### Assigned task
An exact copy of all the lines below is required, with every image left out.

### Provided material
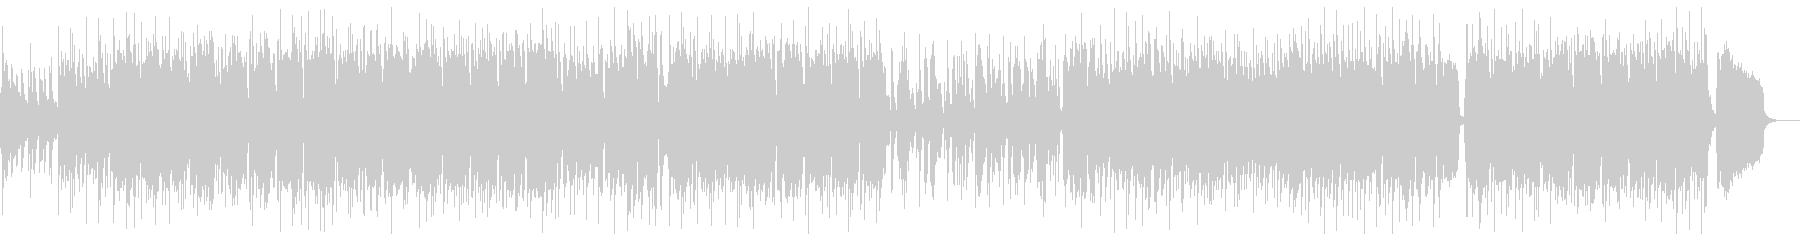 トランペットによるジャズバラードの未再生の波形
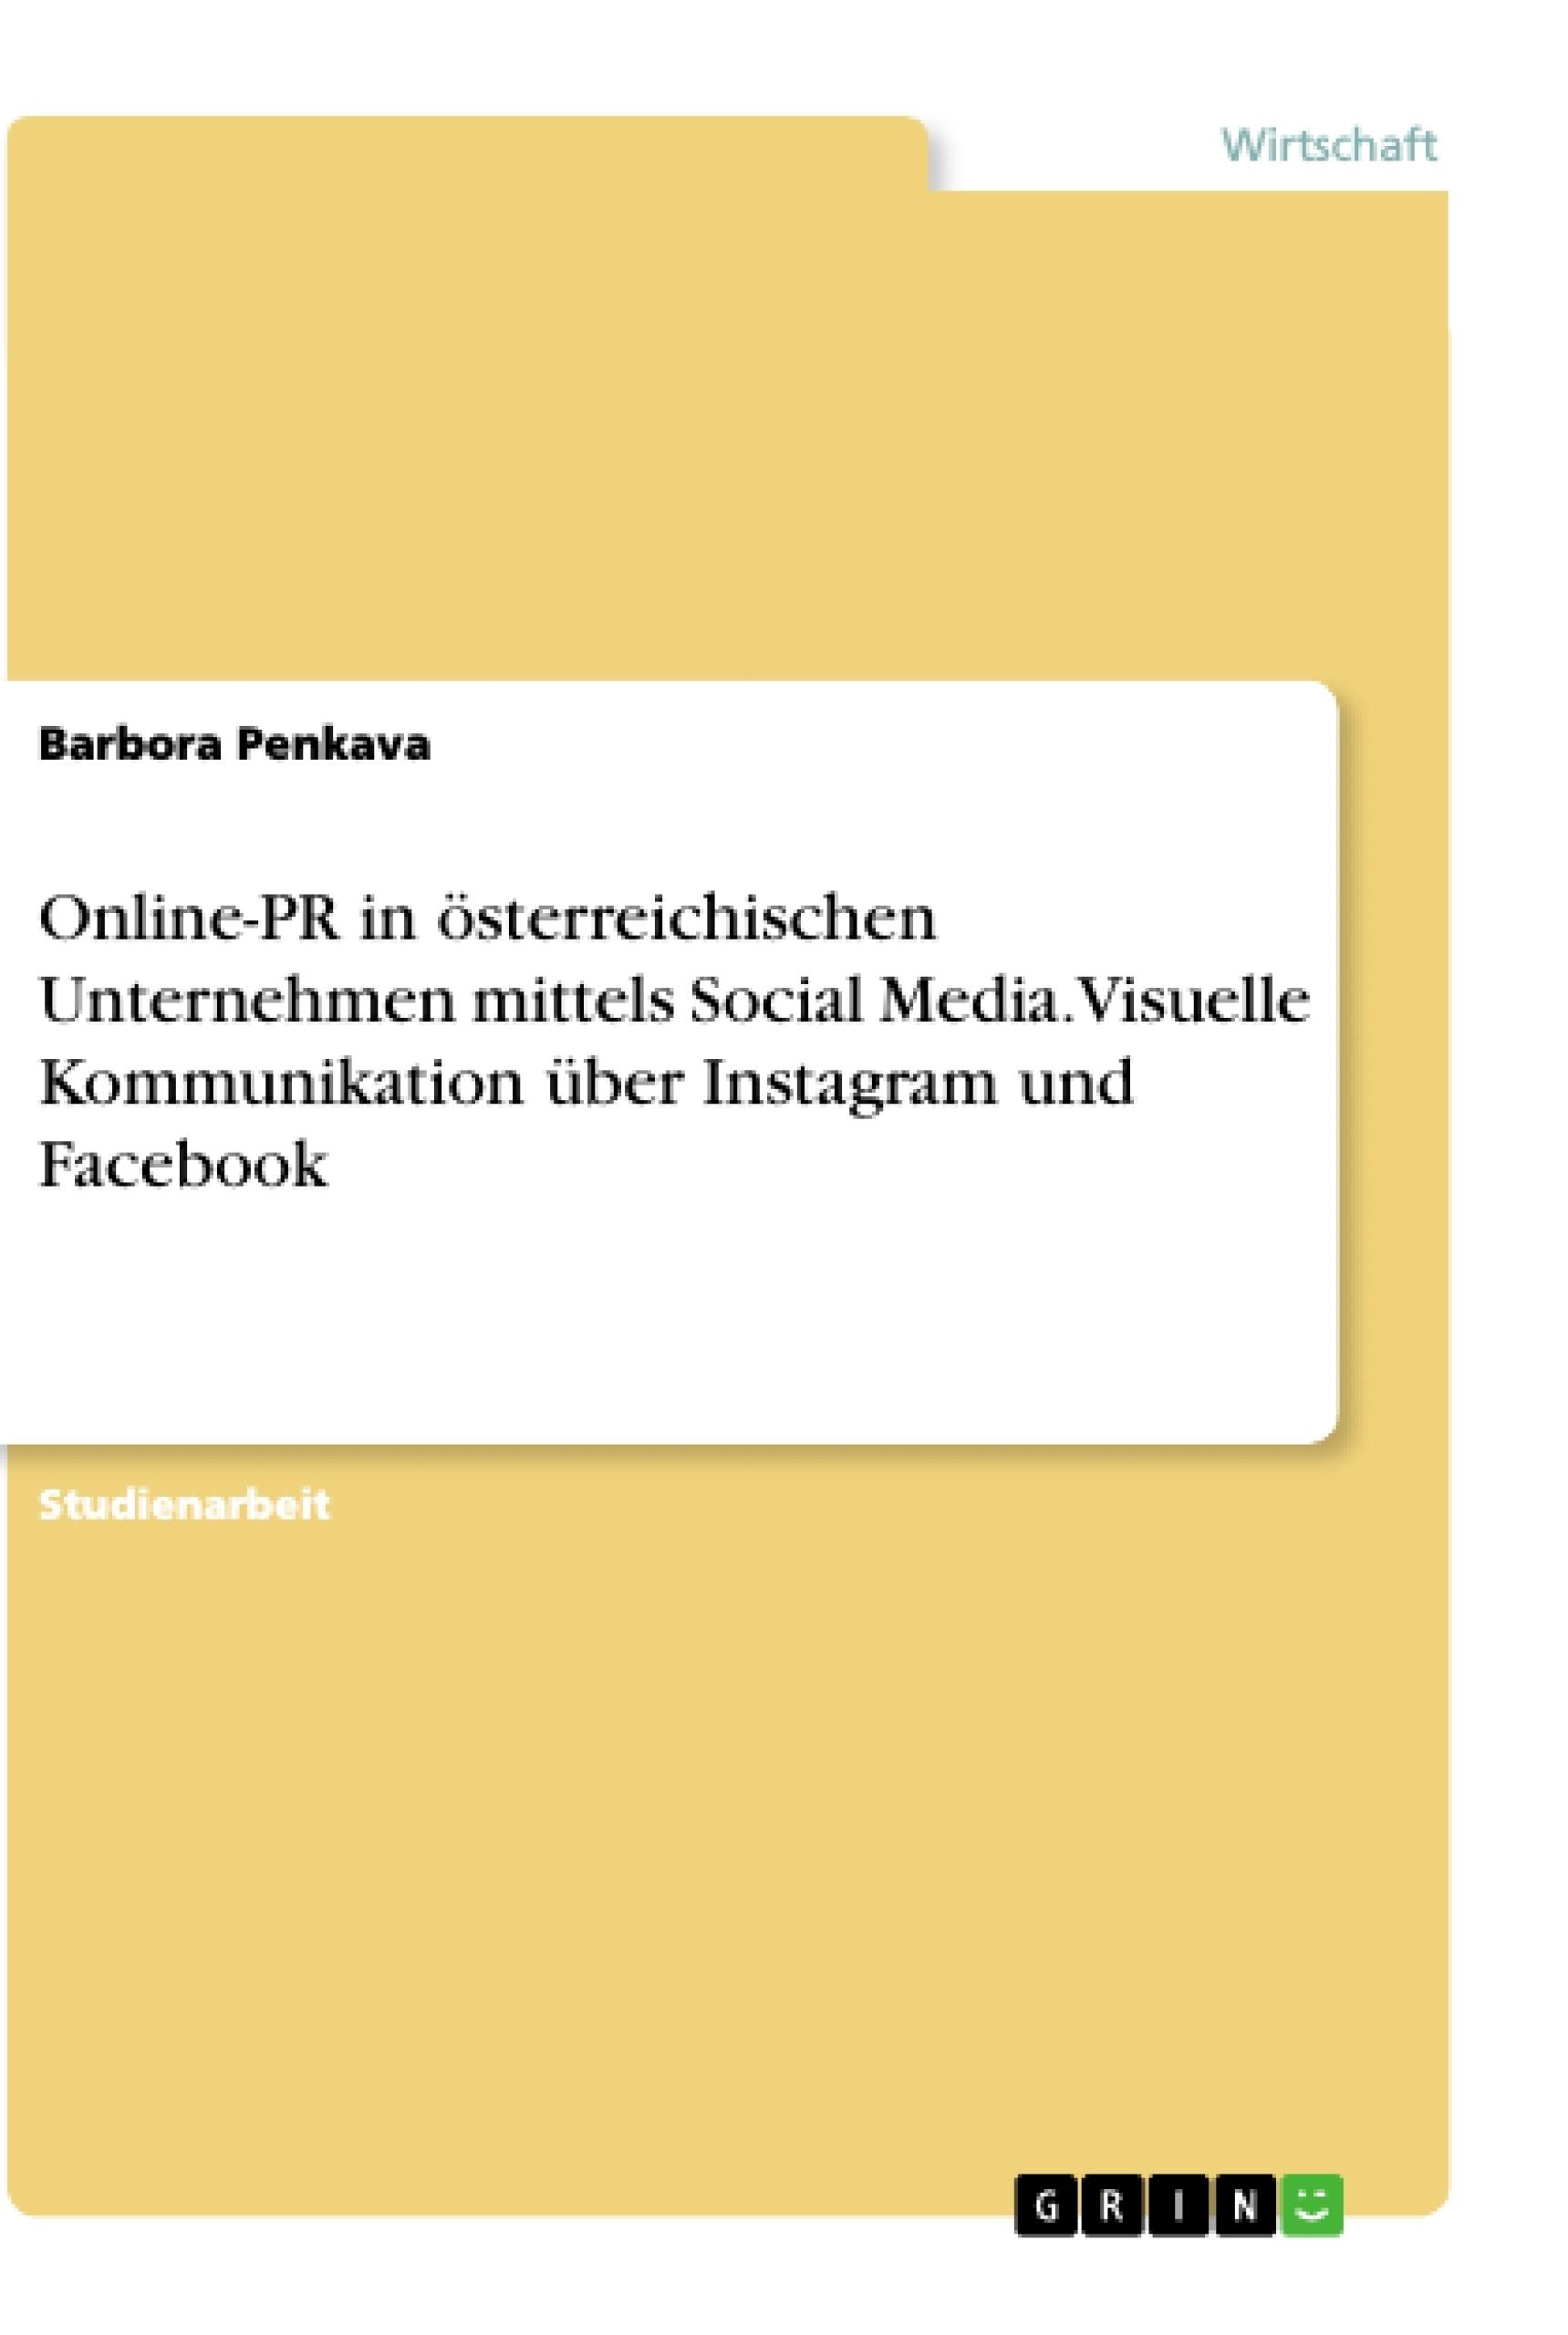 Titel: Online-PR in österreichischen Unternehmen mittels Social Media. Visuelle Kommunikation über Instagram und Facebook
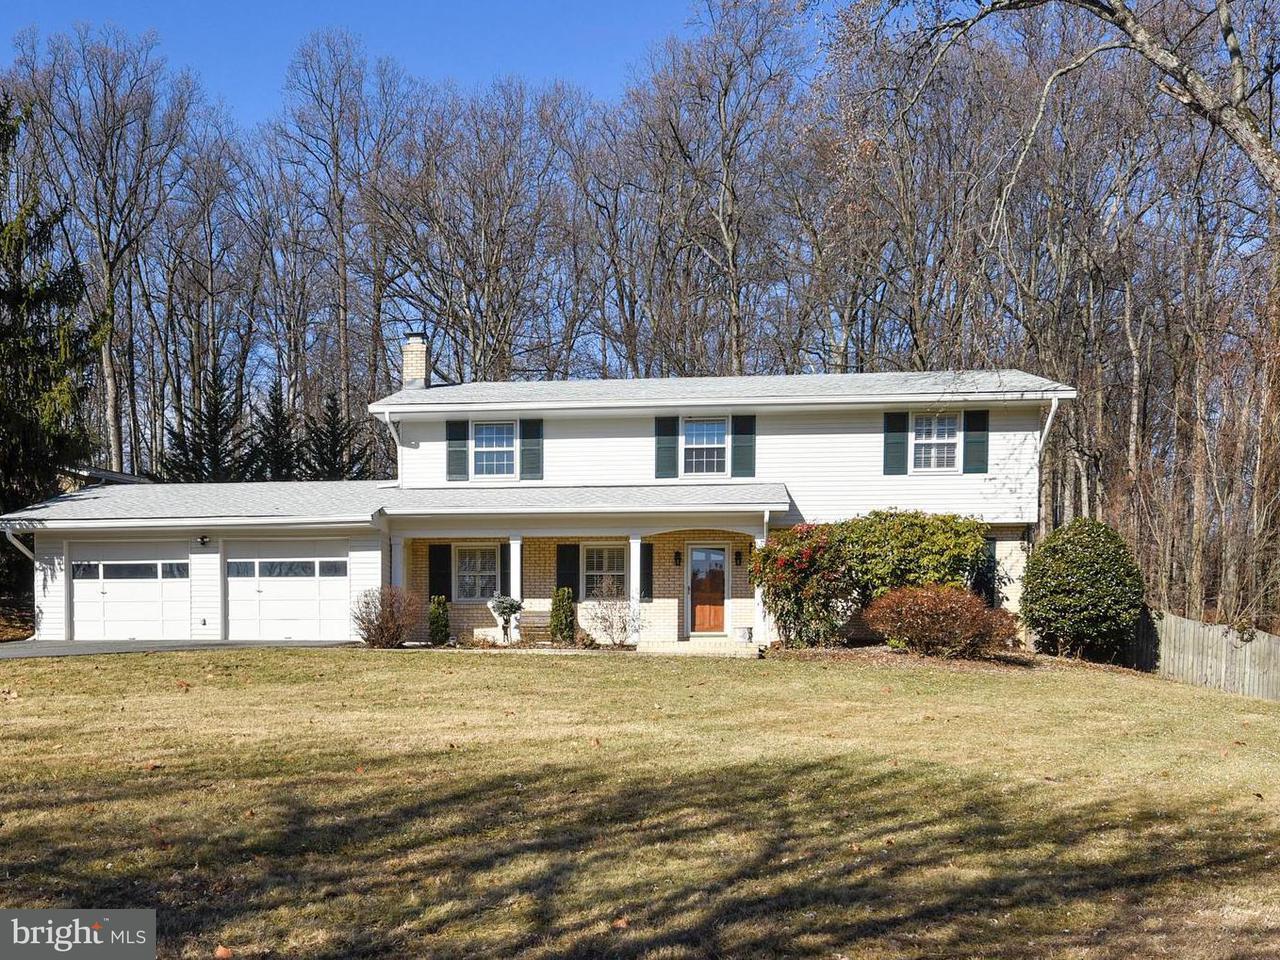 一戸建て のために 売買 アット 5601 Granby Road 5601 Granby Road Derwood, メリーランド 20855 アメリカ合衆国

### Answer space
 トランペットによるジャズバラードの未再生の波形
 Titel: Online-PR in österreichischen Unternehmen mittels Social Media. Visuelle Kommunikation über Instagram und Facebook
 一戸建て のために 売買 アット 5601 Granby Road 5601 Granby Road Derwood, メリーランド 20855 アメリカ合衆国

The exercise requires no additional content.